When we’ve worked hard taking care of something or making a project happen, we often still feel there is more we should do… a state that keeps us restless and worried, which does no good at all.

Our friend Chris Eldredge, who is a psychotherapist, told us of a practice he has found useful for gently letting things go… happen…find their way. That is to say: “I do my part, now I release this to grace.”

We take it to mean: To do the best we know how to do. That is all we can do and is enough.  We release our expectation of the results and stop trying to control the situation, knowing there is a great deal more at work than just what we do or see. It’s not all up to us.

That’s where grace comes in. We think of the last line of the W.S. Merwin poem we published yesterday: “…bowing not knowing to what.”

It works no matter what your idea of grace may be.

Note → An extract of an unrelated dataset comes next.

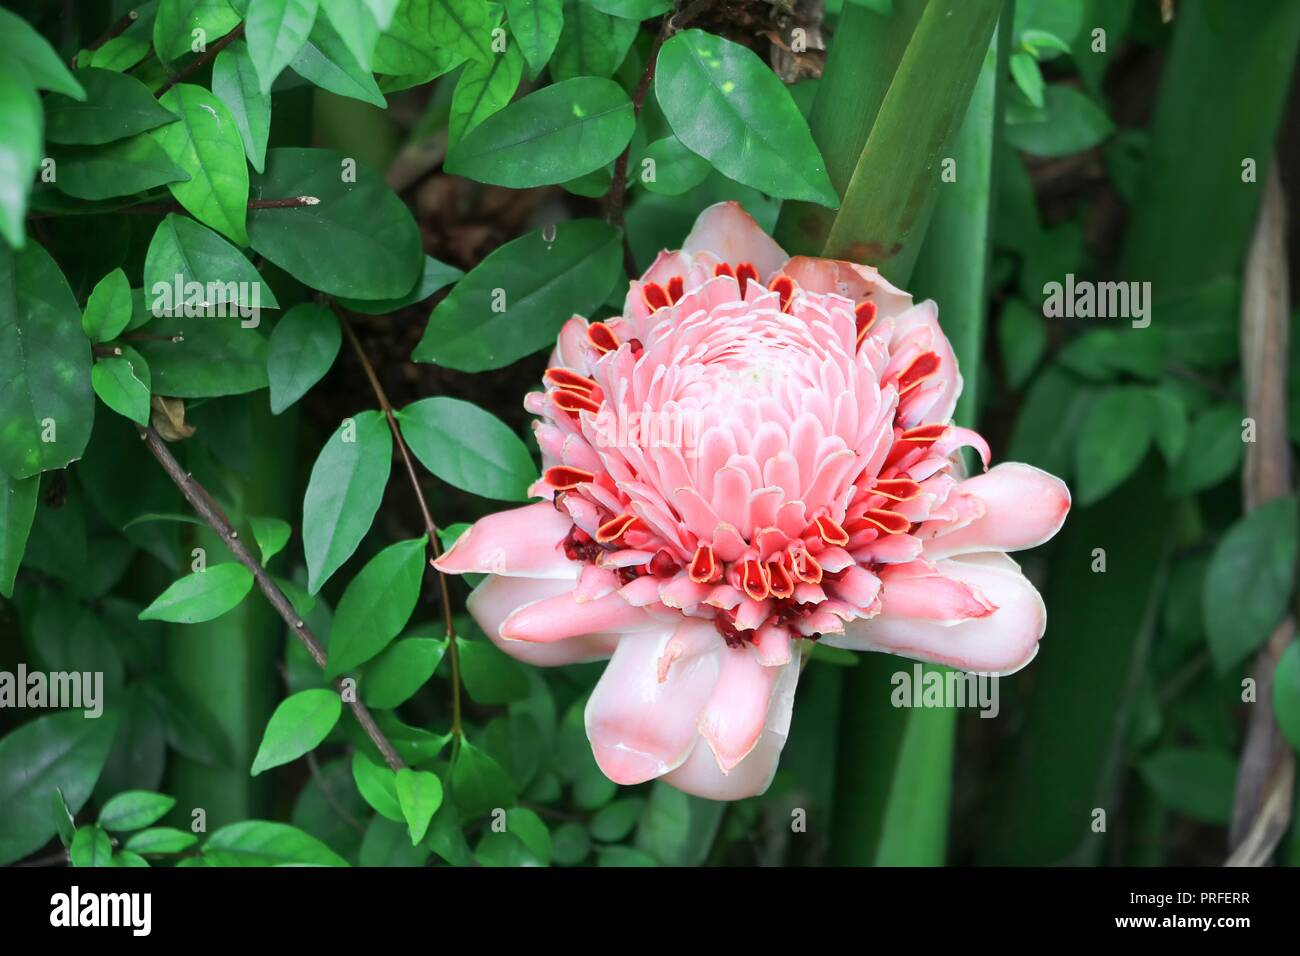 Antorcha rosa flores locales de jengibre, etlingera elatior, familia Zingiberaceae Bohol, Filipinas Foto de stock

We find this practice makes for a gentler, more fluid and less stressful way of approaching things.

We’ve found it so helpful we’ve made a sign and taped it in view, as a reminder.

Sally Schneider


It reminds us of something artist Pat Steir said about her waterfall paintings:

The spiritual in my art is giving up control. My paintings are based on what I can do, and what I can do is not controlled.

So I give up control, and that’s the spiritual aspect of the work—taking what comes and relinquishing control.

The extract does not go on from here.